Достоевский
Шрифт:
Вспоминая о кончине Достоевского спустя много лет, его вдова размышляла, что, умри писатель не до, а вскоре после 1 марта 1881 года, его уход не произвел бы столь колоссального впечатления: «Мысли всего общества были бы слишком поглощены думами о злодействе и о тех осложнениях, которые могут последовать в такой трагический момент жизни государства».
В том, что Ф. М. ненадолго пережил бы Александра II, А. Г. Достоевская не сомневалась.
Между тем январь 1881 года казался спокойным; «неудавшиеся» покушения были не в счет, и Петербург смог отдаться горю в связи с постигшей литературу утратой искренне и горячо. «Похороны Достоевского представляли явление, которое всех поразило, — писал Страхов. — Такого огромного стечения народа, таких многочисленных и усердных заявлений уважения и сожаления не могли ожидать самые горячие поклонники
...Тело Достоевского уже остывало, когда в кабинет покойного буквально вбежал случайно приехавший из Москвы И. Г. Сниткин: он и взял на себя многочисленные хлопоты по погребению зятя, сильно облегчив сестре «угнетающий душу кошмар». После полуночи все посторонние разошлись; усопший (при его обмывании и обряжении присутствовал Суворин) лежал в середине кабинета на столе, застеленном белой тканью; покров из золотой парчи открывал грудь и лицо. У изголовья стояла этажерка с образом Успения Божьей Матери и горящей лампадой. А. Г. умиленно запомнит, что лицо мужа было спокойно, и «казалось, что он не умер, а спит и улыбается во сне какой-то узнанной им теперь “великой правде”». Спокойным и просветленным лицо умершего покажется и многим другим очевидцам. «Перед отцом я не испытывала страха, — напишет дочь писателя. — Казалось, он спит на своей подушке, тихо улыбаясь, словно видит что-то очень хорошее». До четырех утра у гроба смогли без помех пробыть вдова писателя, ее мать и брат.

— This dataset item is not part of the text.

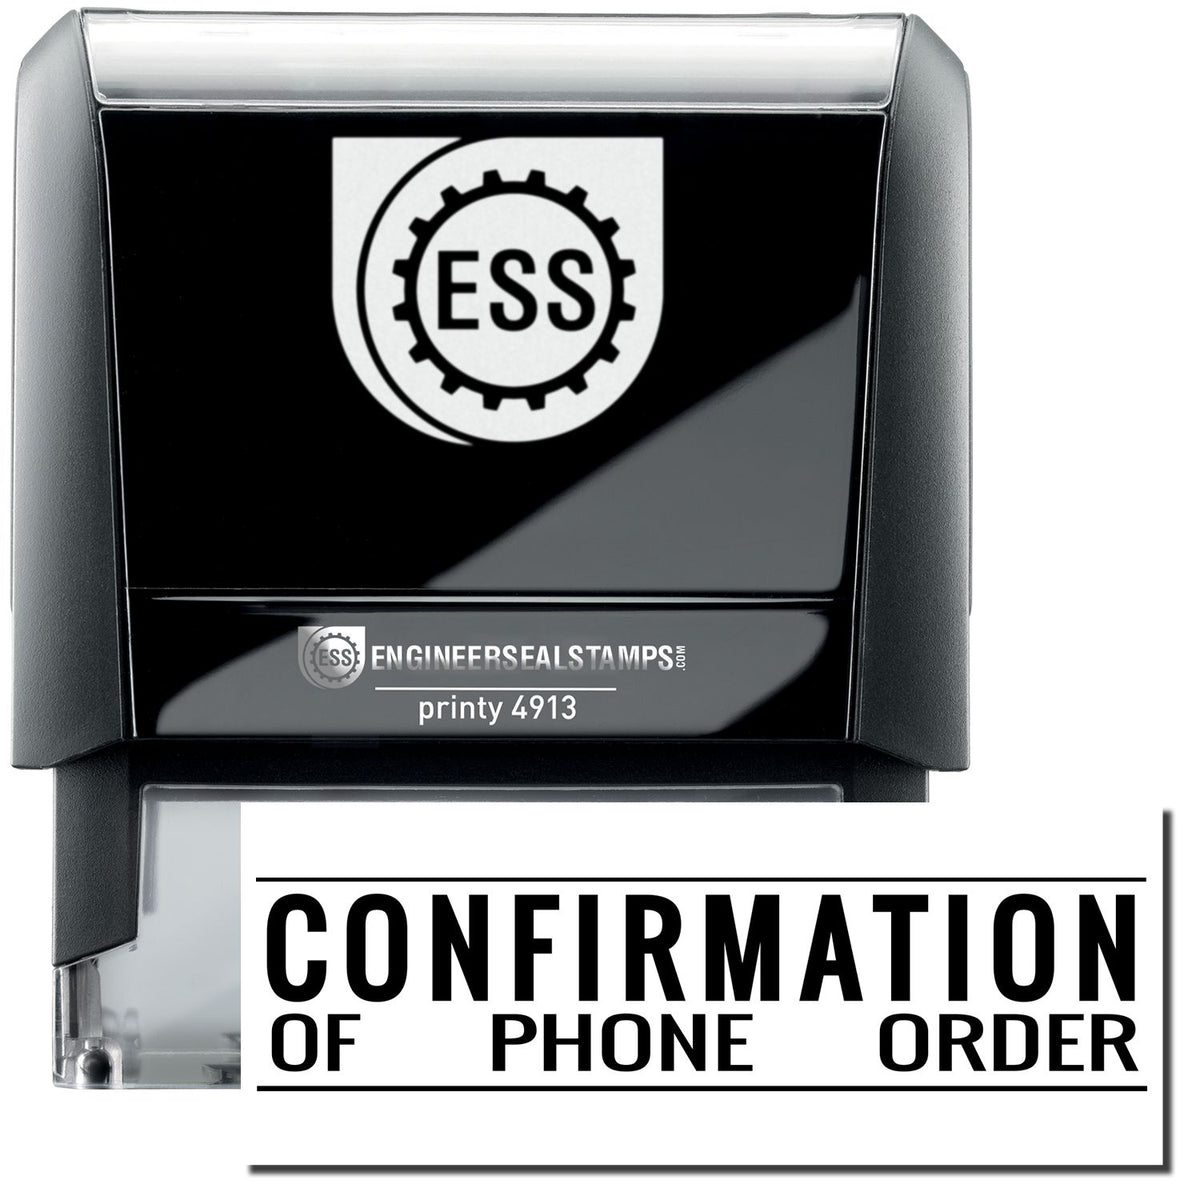 A self-inking stamp with a stamped image showing how the text &quot;CONFIRMATION OF PHONE ORDER&quot; in a large font with two horizontal lines above and under the text is displayed after stamping.

Утром 29-го скульптор Бернштам снял с лица Достоевского гипсовую маску; художник И. Н. Крамской зарисовал, а фотограф К. А. Шапиро сфотографировал усопшего на смертном одре. Победоносцев сообщил о смерти писателя графу ЛорисМеликову, и тот, на докладе царю, просил разрешения материально помочь осиротевшему семейству. Еще до полудня на квартиру в Кузнечный явился чиновник от графа, сообщивший вдове, что имеет передать ей некоторую сумму на похороны. Денег Анна Григорьевна не взяла (хотя в такой помощи не было ничего обидного), решив хоронить мужа на свои средства. Но когда днем 30-го к ней явился другой чин с письмом от министра финансов, где значилось, что волею государя, во внимание заслуг, оказанных покойным писателем русской литературе, его вдове нераздельно с детьми назначается пенсия в размере двух тысяч рублей в год (такой пенсион назначали генеральским вдовам), Анна Григорьевна горячо обрадовалась: растаял, наконец, грозный призрак нищеты. Она бросилась было в кабинет мужа, чтобы сообщить ему добрую весть, но осеклась и горько заплакала у гроба. Еще долго она не сможет привыкнуть, что Ф. М. больше нет; будет торопиться с обедом, привычно покупать его любимые сласти, запоминать для него разные новости.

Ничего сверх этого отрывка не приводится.